1. Paper title
Improving Massively Multilingual Neural Machine Translation and Zero-Shot Translation
2. link
https://www.aclweb.org/anthology/2020.acl-main.148.pdf
3. 摘要
Massively multilingual models for neural machine translation (NMT) are theoretically attractive, but often underperform bilingual models and deliver poor zero-shot translations. In this paper, we explore ways to improve them. We argue that multilingual NMT requires stronger modeling capacity to support language pairs with varying typological characteristics, and overcome this bottleneck via language-specific components and deepening NMT architectures. We identify the off-target translation issue (i.e. translating into a wrong target language) as the major source of the inferior zero-shot performance, and propose random online backtranslation to enforce the translation of unseen training language pairs. Experiments on OPUS-100 (a novel multilingual dataset with 100 languages) show that our approach substantially narrows the performance gap with bilingual models in both oneto-many and many-to-many settings, and improves zero-shot performance by ∼10 BLEU, approaching conventional pivot-based methods.
backtranslation:反向翻译
4. motivation
多语言翻译是指用一个NMT模型来做多个语言之间的翻译。
多语言NMT的优点:
- 便于模型部署
- 促进相关语言之间的知识迁移
- 提升low-resource翻译
- 使zero-shot翻译成为可能
多语言NMT存在的问题:
问题1:多语言NMT性能差于双语NMT。
问题2:多语言NMT处理zero-shot数据时(相对于pivot-based模型)会出现“off-target translation问题”,即翻译成一个错误的语言。
[?] pivot-based methods
5. 已有的解决问题的方法
5.1. 针对问题1:
- 每个语言都有对应的encoder/decoder
例如:
一对多翻译,共享encoder
多对多翻译,多个语言共享attention mechanism
缺点:scalability受到限制。
- 把不同语言映射到同一个表示空间
例如:
with a target language symbol guiding the translation direction
缺点:
忽略了不同语言的linguistic diversity
- 在2的基础上,加入“语言的linguistic diversity”的考虑
例如:
reorganizing parameter sharing
designing language-specific parameter generator
decoupling multilingual word encoding
本文是以2为baseline探索3的方法
5.2. 针对问题2:
多语言NMT处理zero-shot数据时(相对于pivot-based模型)会出现“off-target translation问题”,即翻译成一个错误的语言。
出现问题的原因:
- missing ingredient problem
- spurious correlation issue
解决方法:
- 跨语言正则化
- generating artificial parallel data with backtranslation
本文探索3的方法来解决zero-shot问题
6. 作者的主要贡献
针对问题1:
作者认为造成问题1的原因是模型容量的不足。
(1)language-aware层归一化
(2)线性变换
[?] 1和2的目的是relax the representation constraint,为什么1和2能得到这样的效果呢?

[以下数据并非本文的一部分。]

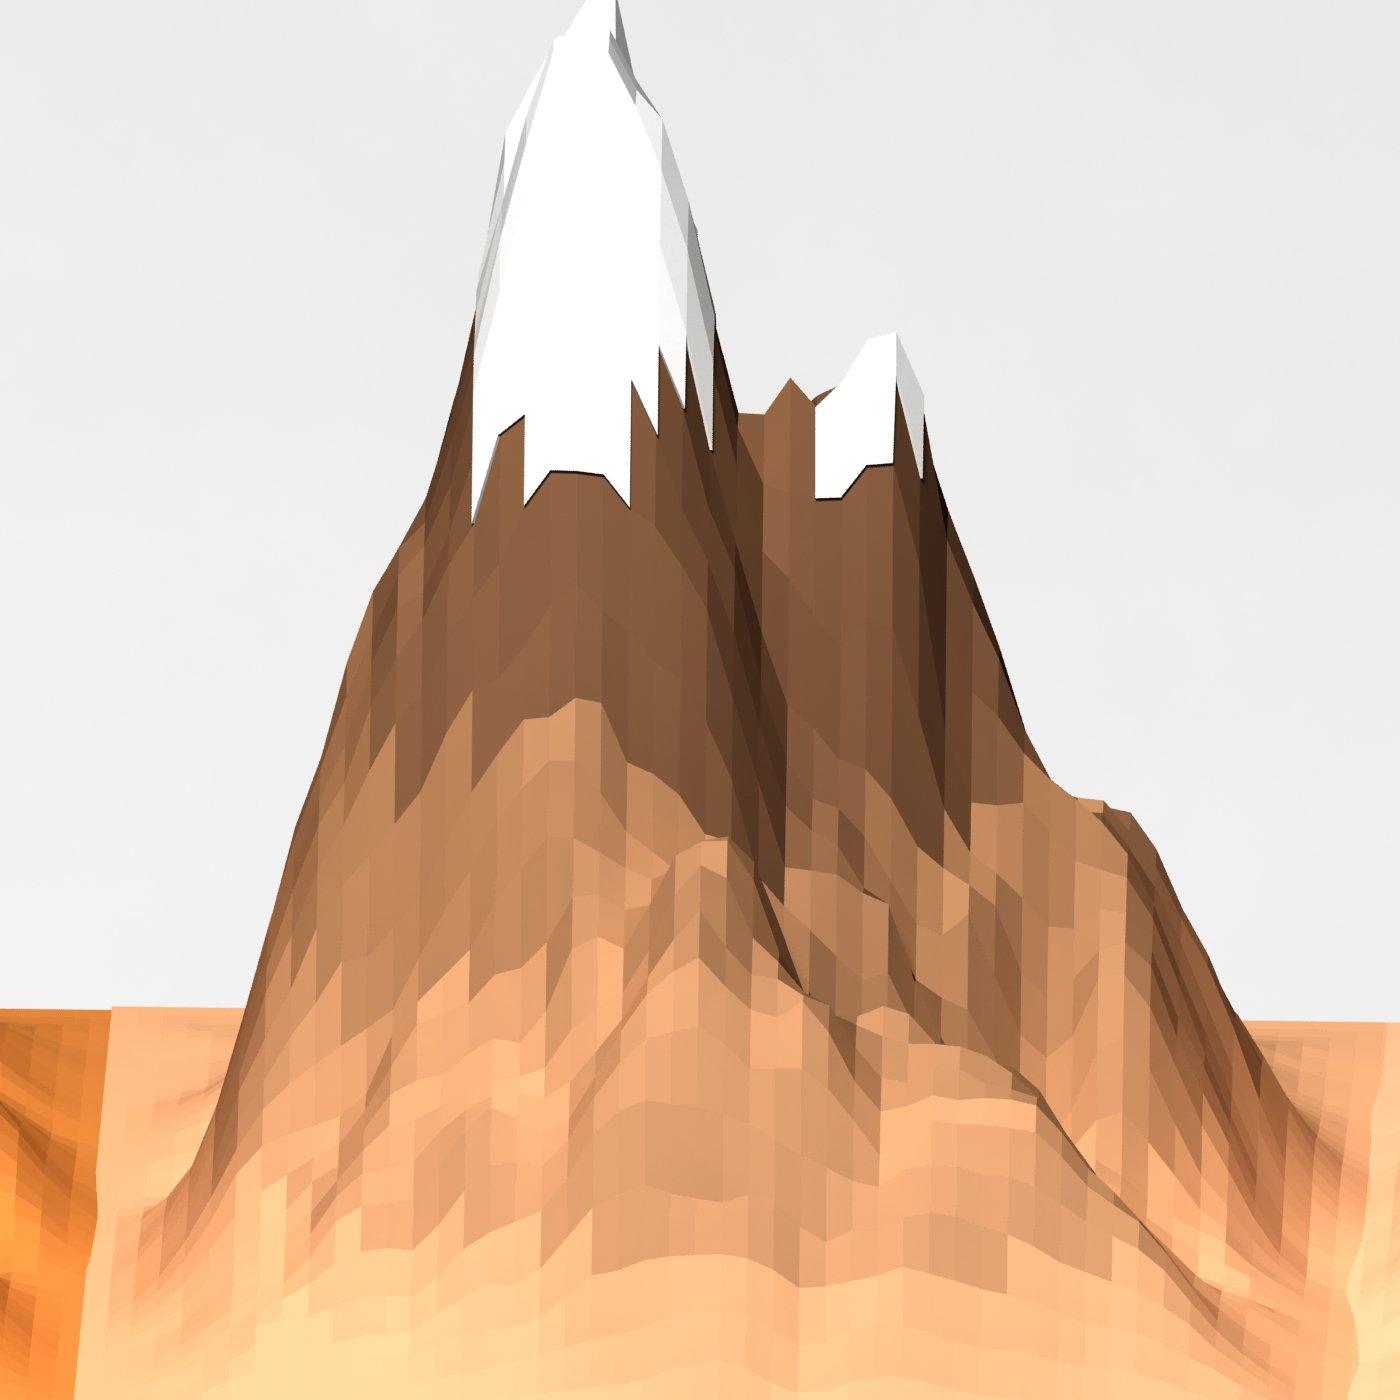 Картинки горы для детей, сургуте

[?] 2位于encoder和decoder之间,目的是facilitate the induction of language-specific translation correspondences。这句话是什么意思呢?
(3)深层的NMT架构
针对问题2:
(1)作者提供random online backtranslation (ROBT)算法
finetunes a pretrained multilingual NMT model for unseen training language pairs with pseudo parallel batches generated by back-trainlating the target-side training data.
[?] 不太懂
提供OPUS-100数据集:
(1)55M条句子对
(2)包含100种语言
以Transformer model (Vaswani et al., 2017)为benchmark
7. 得到了什么结果
- 增加模型容量可以提升性能,减少多语言NMT与双语NMT之间的gap
- language-specific模型和尝试NMT能提升zero-shot的性能,但对解决off-target tranlation问题没有帮助
- ROBT算法减少off-target出现的概率,在zero-shot问题上性能比pivot-based methods提升10 BLEU。
8. 关键字
zero-shot、多语言翻译